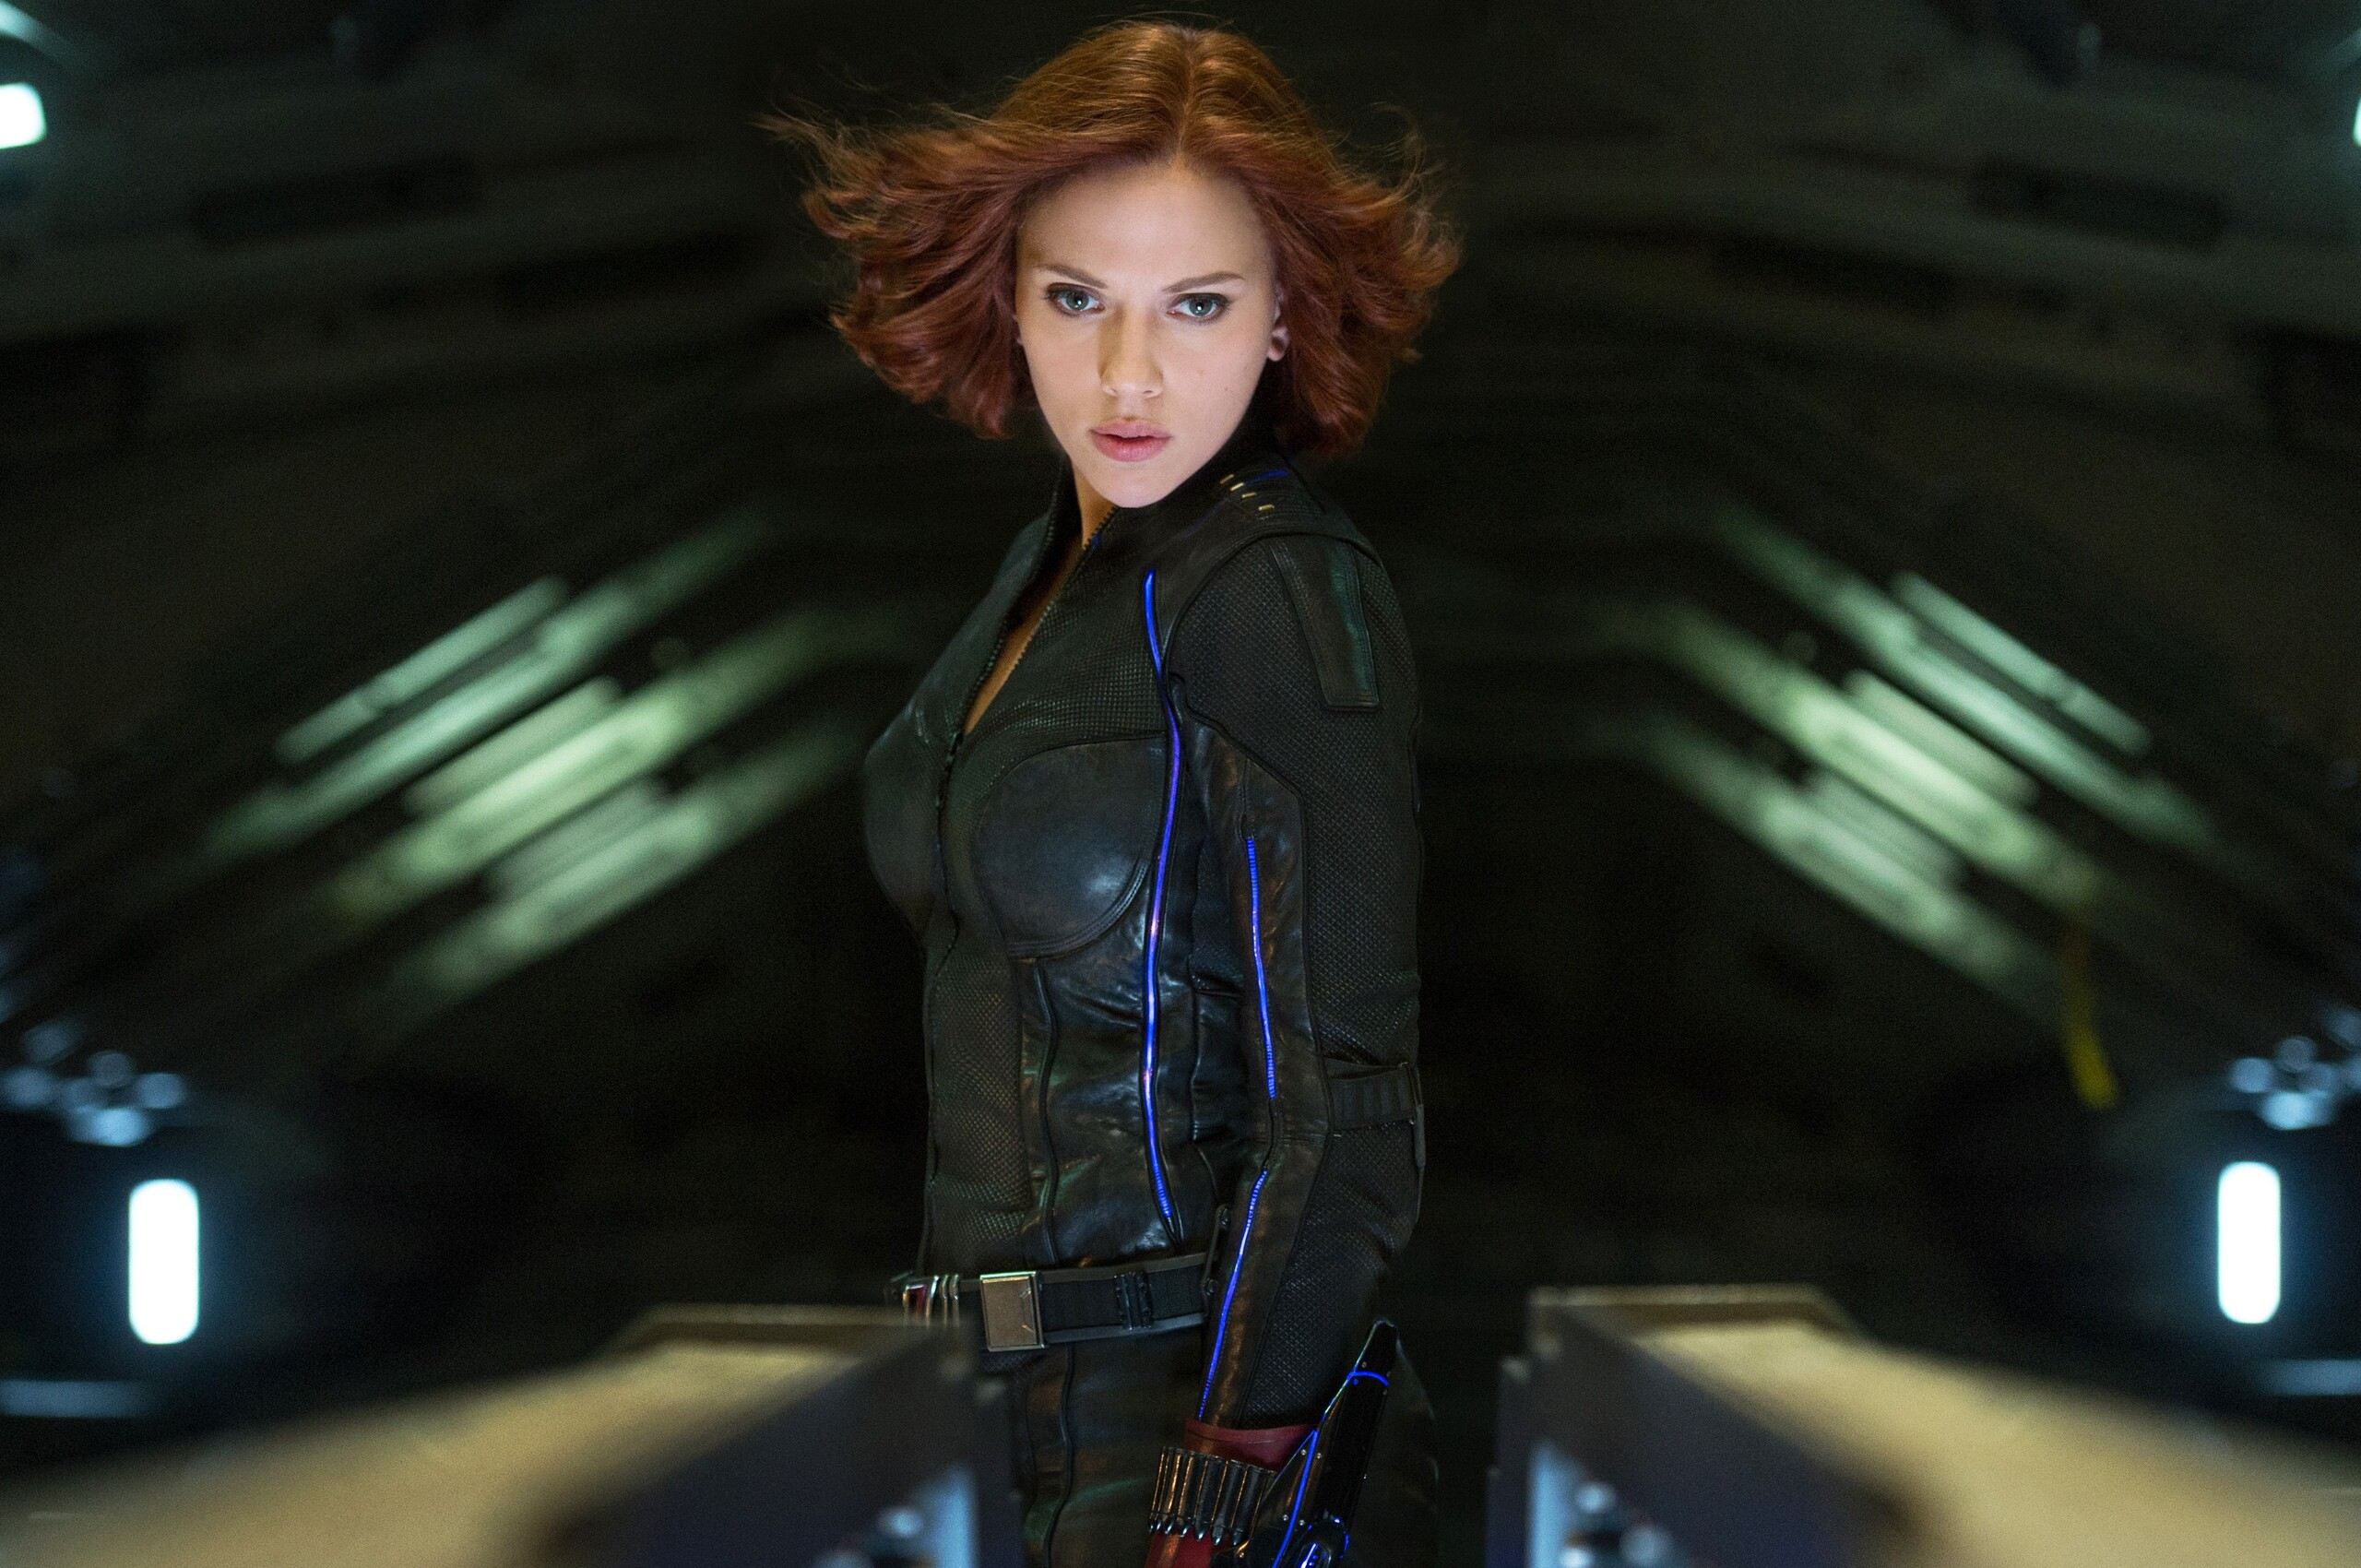 2560x1700 Scarlett Johansson Avengers Chromebook Pixel HD 4k
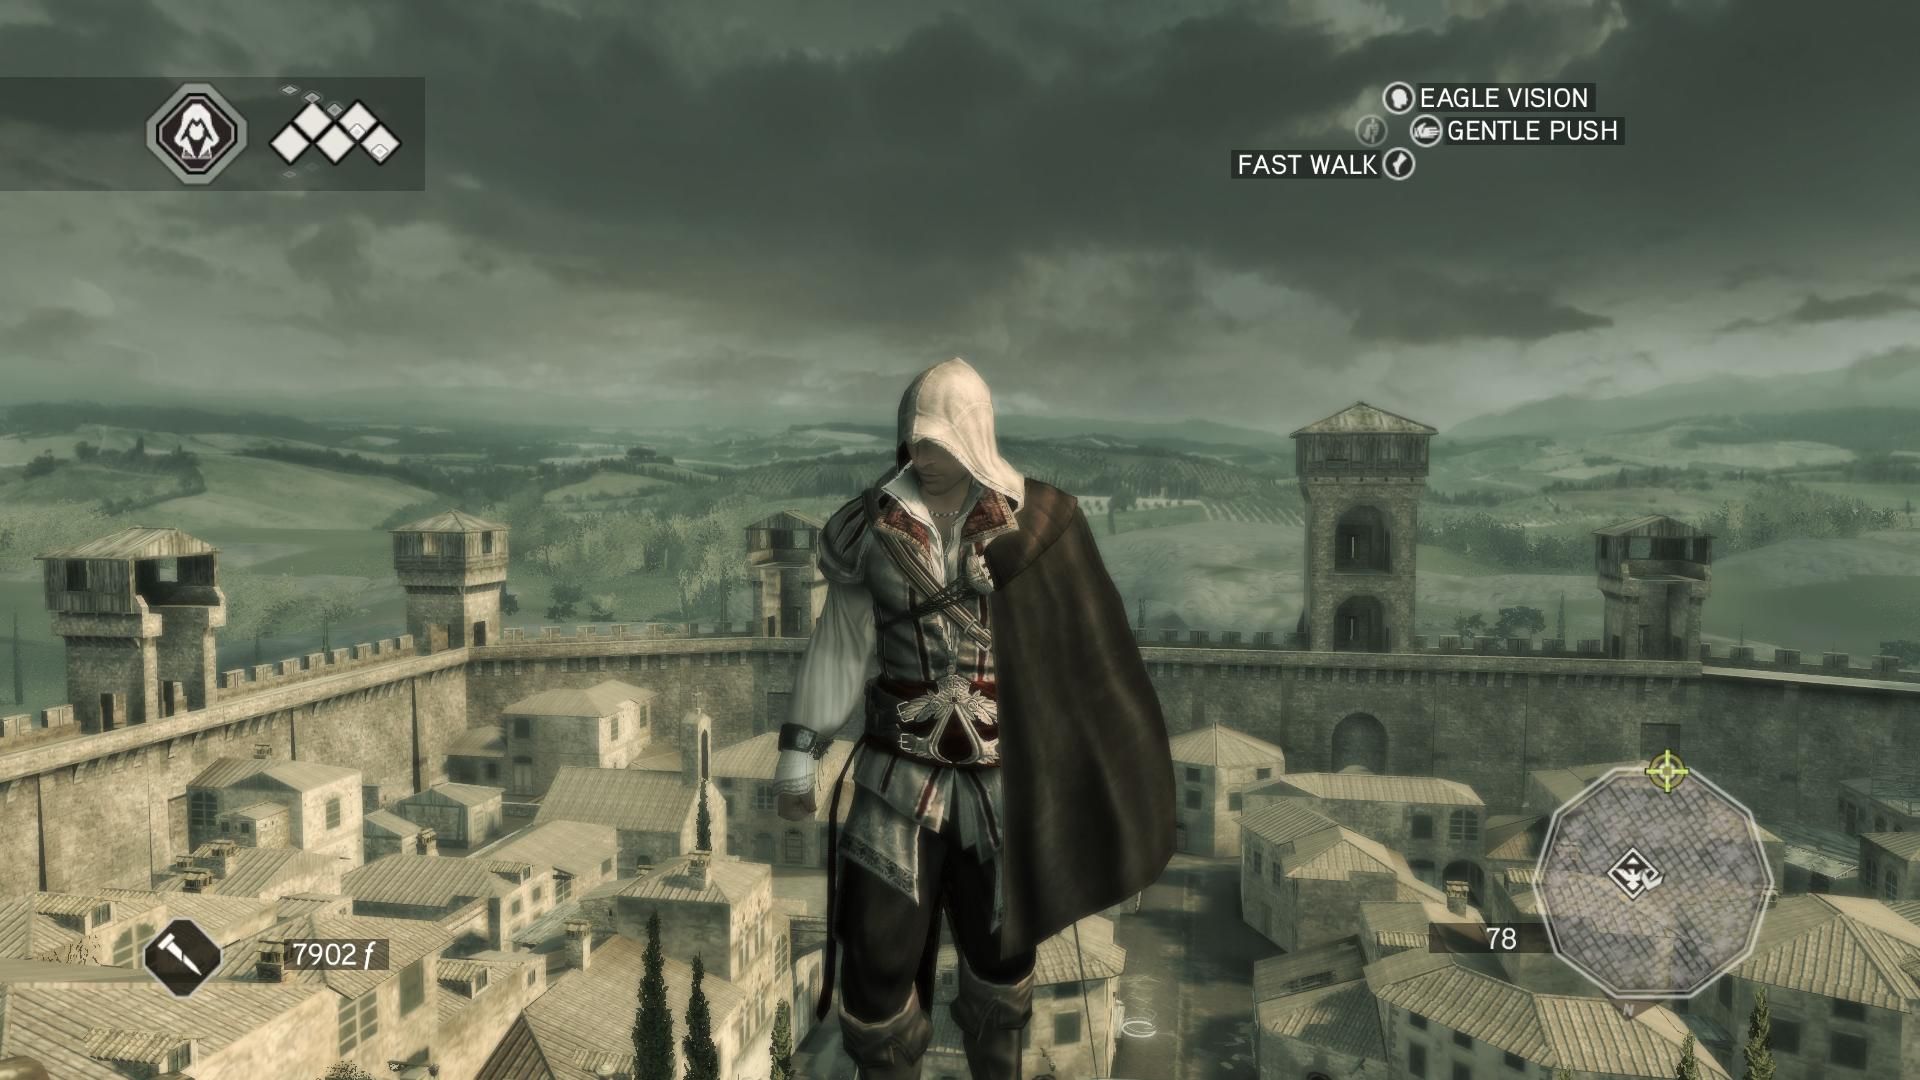 Assassins creed 2 download tpb
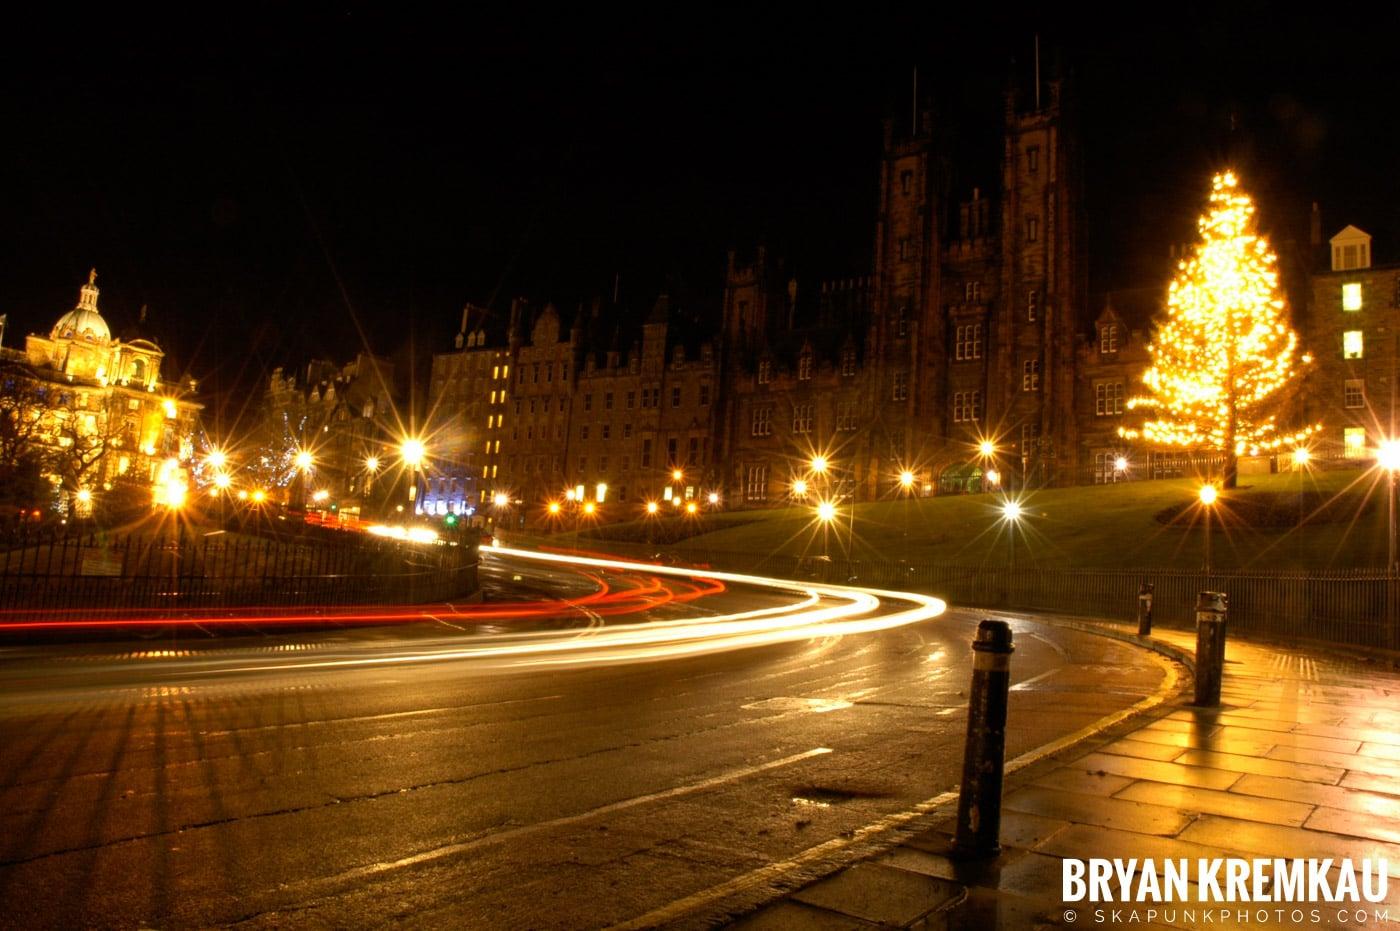 Edinburgh, Scotland - Day 1 - 12.12.06 (10)

^^^^

**WHAT TO WORK ON**
Write out exactly, and only, the lines from the line holding "Assassins creed 2 download tpb" through the end of the data, inclusive, without any pictures.

**EXERCISE ANSWER**
 Assassins creed 2 download tpb
 Edinburgh, Scotland - Day 1 - 12.12.06 (10)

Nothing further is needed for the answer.